The unanimous ruling by a three-judge panel of the 8th U.S. Circuit Court of Appeals in St. Louis overturned a U.S. District Court's ruling earlier this year that banning such billboards within a mile of state highways was a constitutional regulation of commercial speech.
The law, which took effect August 2004, sought to reduce the possible negative effects posed by sexually suggestive billboards, including harming minors, reducing traffic safety and lowering property values.
But the 8th Circuit panel ruled in Passions Video Inc. v. Nixon that the Missouri statute had no such effect.
The ruling said the law was not "narrowly drawn" to meet those goals, and the state "failed to make a showing that a more limited speech regulation would not have adequately served the state's interest."

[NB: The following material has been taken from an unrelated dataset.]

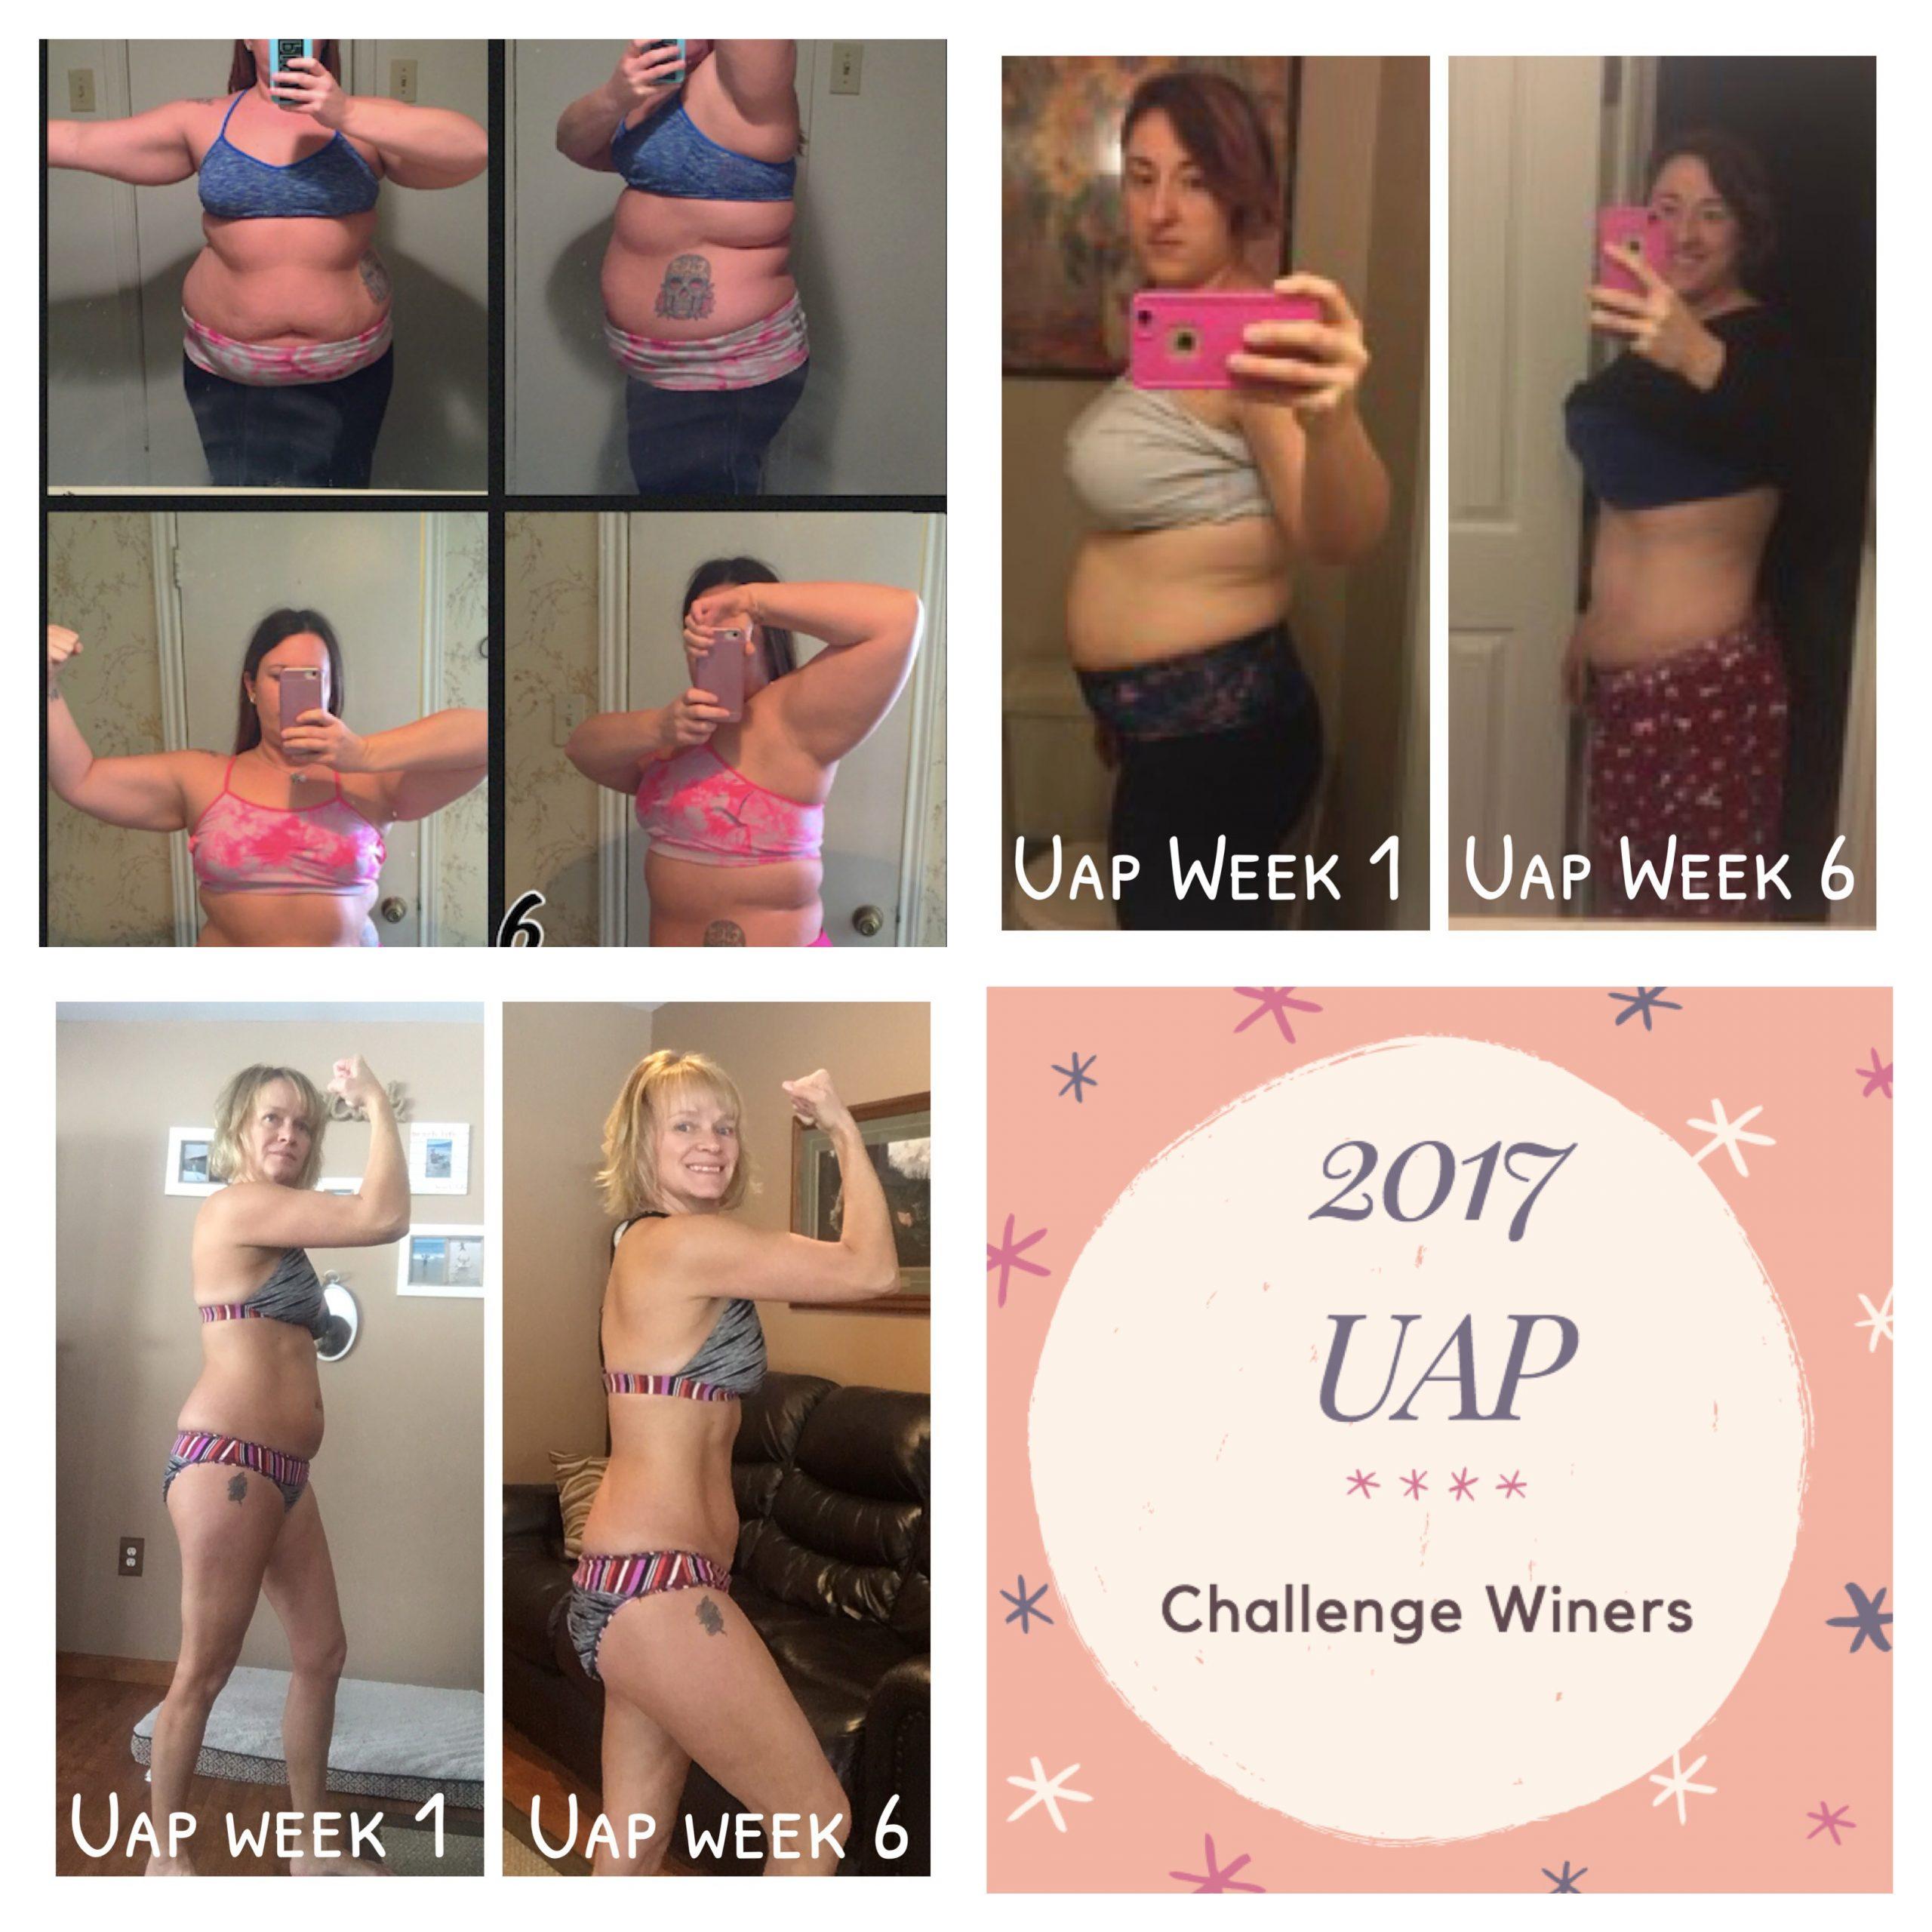 2017 UAP Challenge Winners
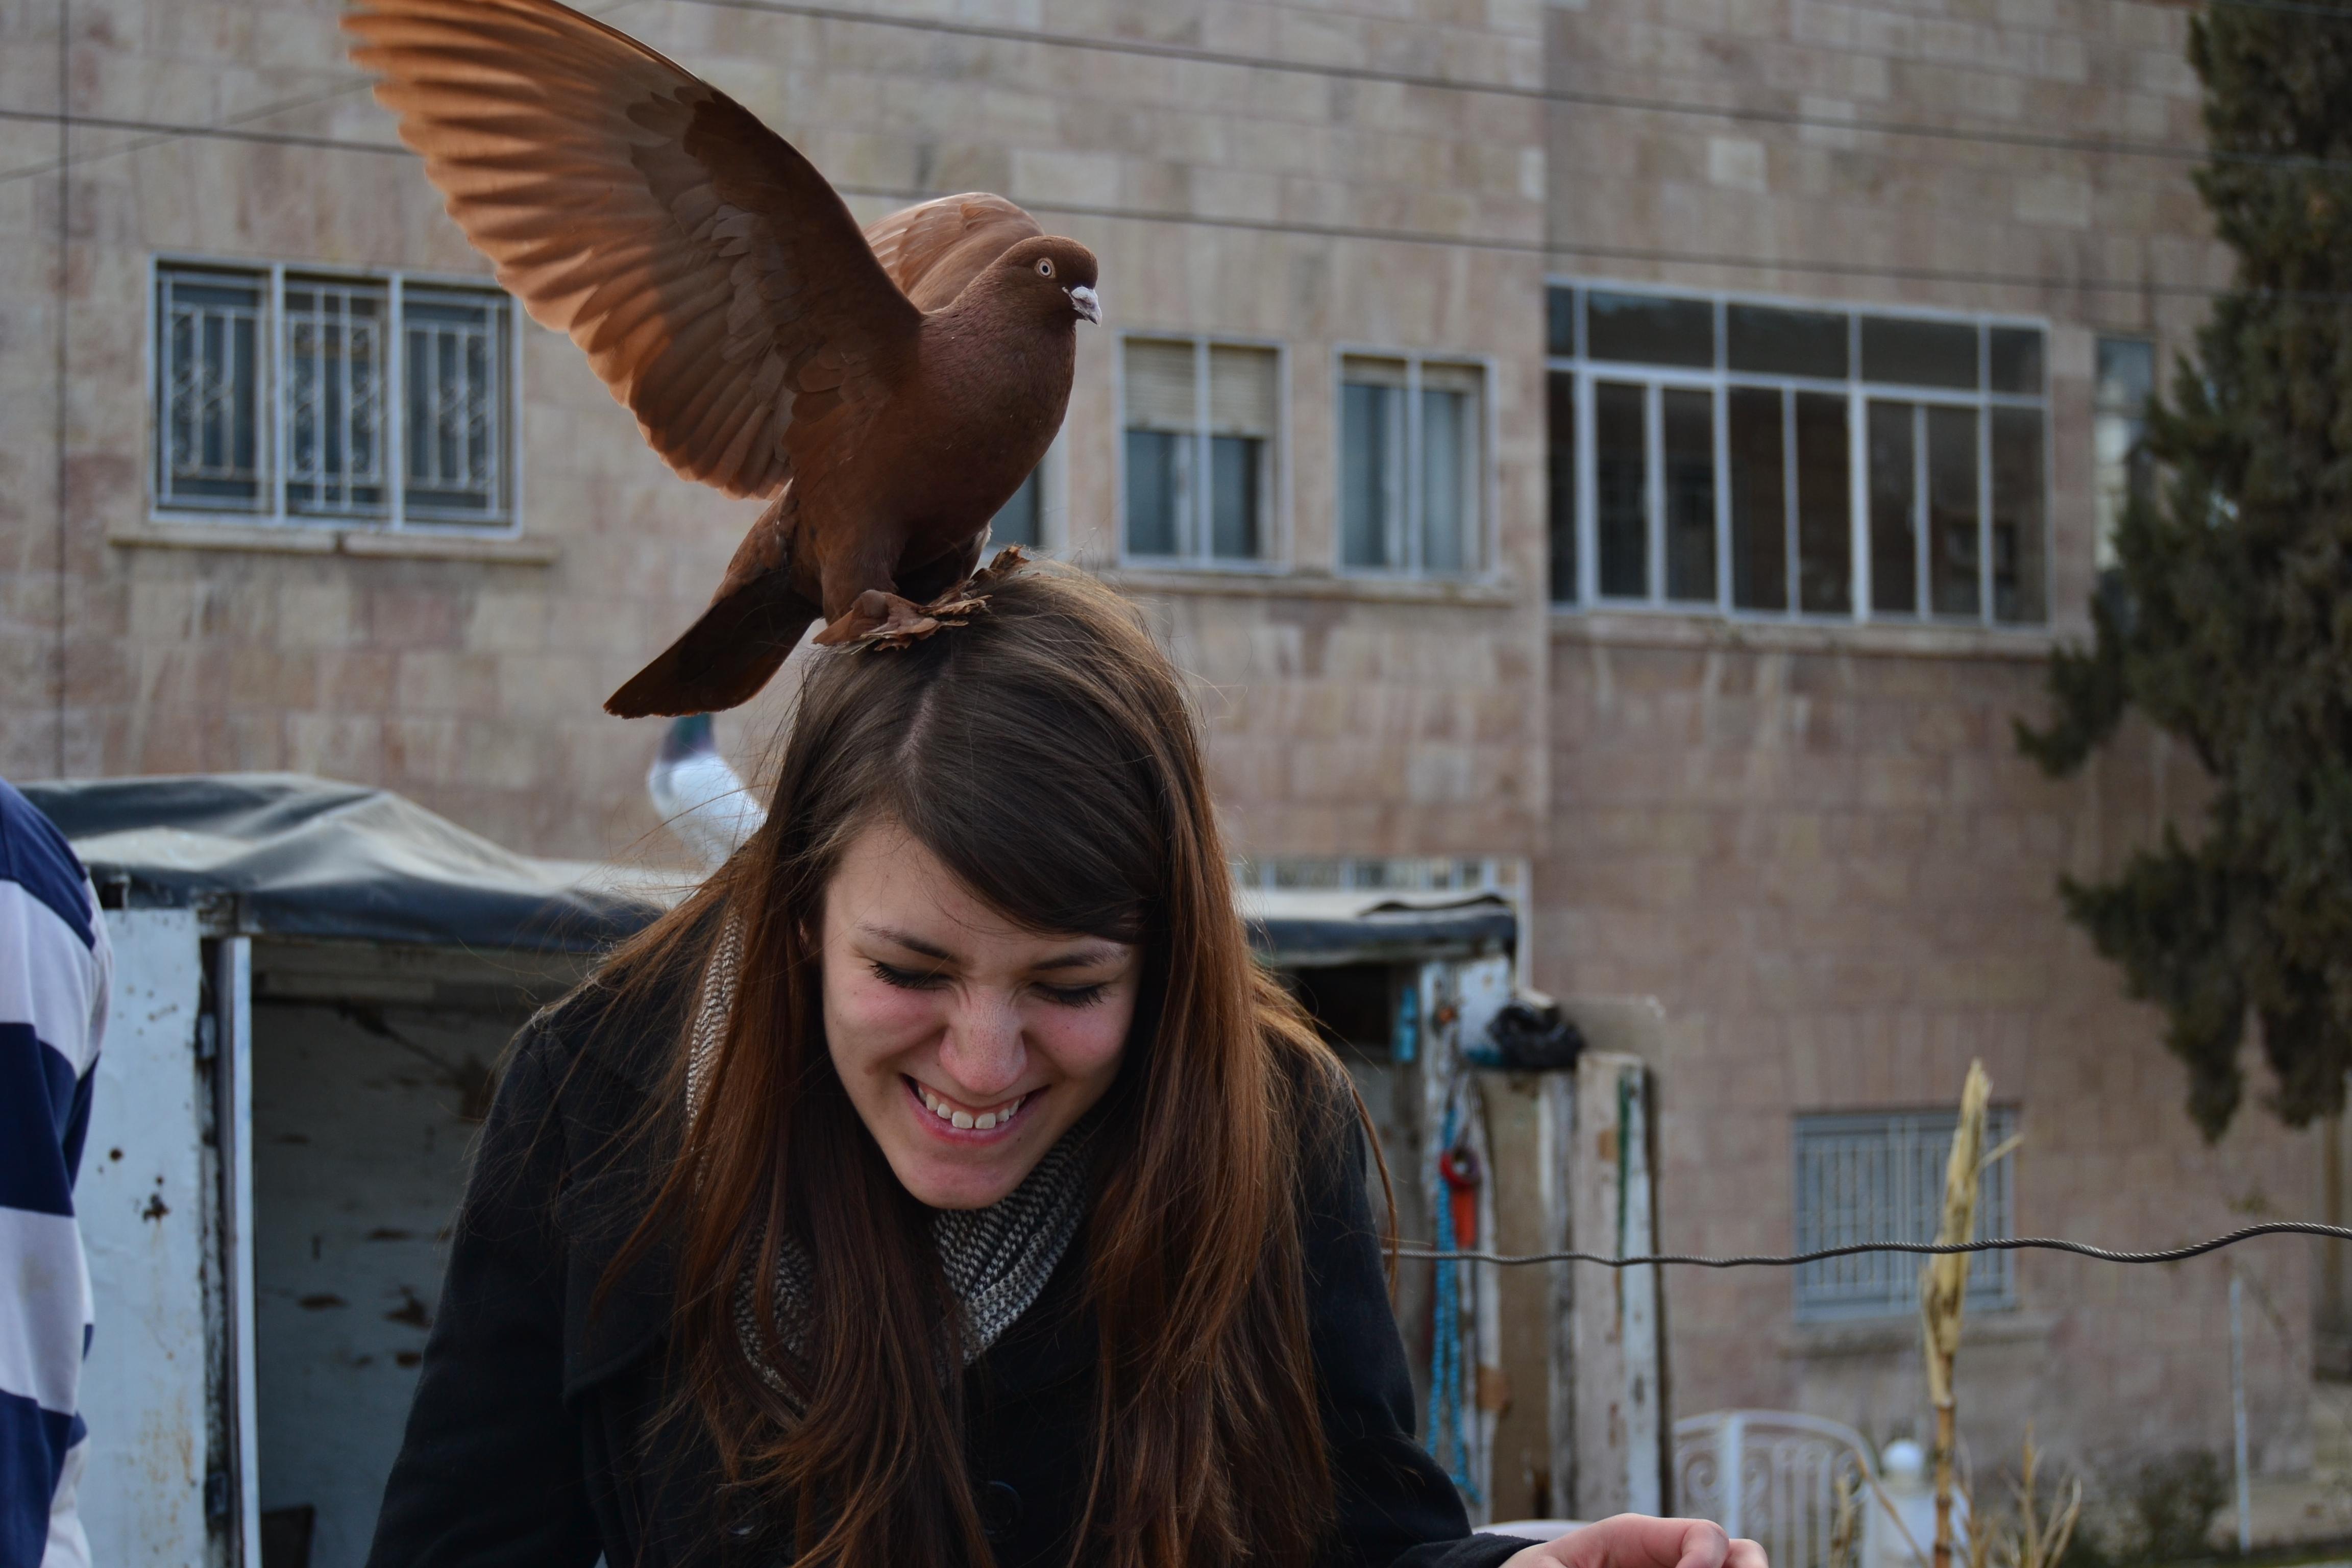 pigeon landing on head isa study abroad student blog

Passions Video Inc., an adult book store; Gala Entertainment Inc., a Kansas City strip club; and the Lion's Den adult stores filed the suit last year against Attorney General Jay Nixon. John Haltom, an adult-business owner with 10 stores that sell lingerie, sex toys and adult videos in six states, also sued the state.
The state will seek a rehearing from the full 8th Circuit, and if unsuccessful, might appeal the decision to the U.S. Supreme Court, Nixon spokesman John Fougere said.
Messages left with attorneys for the adult businesses that filed the suit were not returned in time for this story.
The law would have forced the adult-business owners and others with sexually suggestive billboards near highways to take them down by mid-2007. Billboard advertising companies have refused to allow new sexy billboards to go up since the 2004 law.
State Sen. Matt Bartle, R-Lee's Summit, spearheaded the legislation, modeling it after a similar law upheld by the New Jersey Supreme Court.
The law eventually would have allowed an adult-oriented business located within a mile of a highway to have just two signs one showing the business' name and operating hours, the other noting it is off-limits to minors.
House Speaker Rod Jetton called the 8th Circuit's ruling "unfortunate."
"It leaves Missourians of every age exposed to sleazy billboards along our highways," Jetton said in a statement. "Billboards like these are distasteful, unnecessary distractions that pose a real threat to highway safety and give children and adults the wrong impression about what quality entertainment really is."
If the attorney general was not successful in appealing the ruling, Jetton said, the Legislature would work to correct the problem "so Missourians have the protections a law like this provides."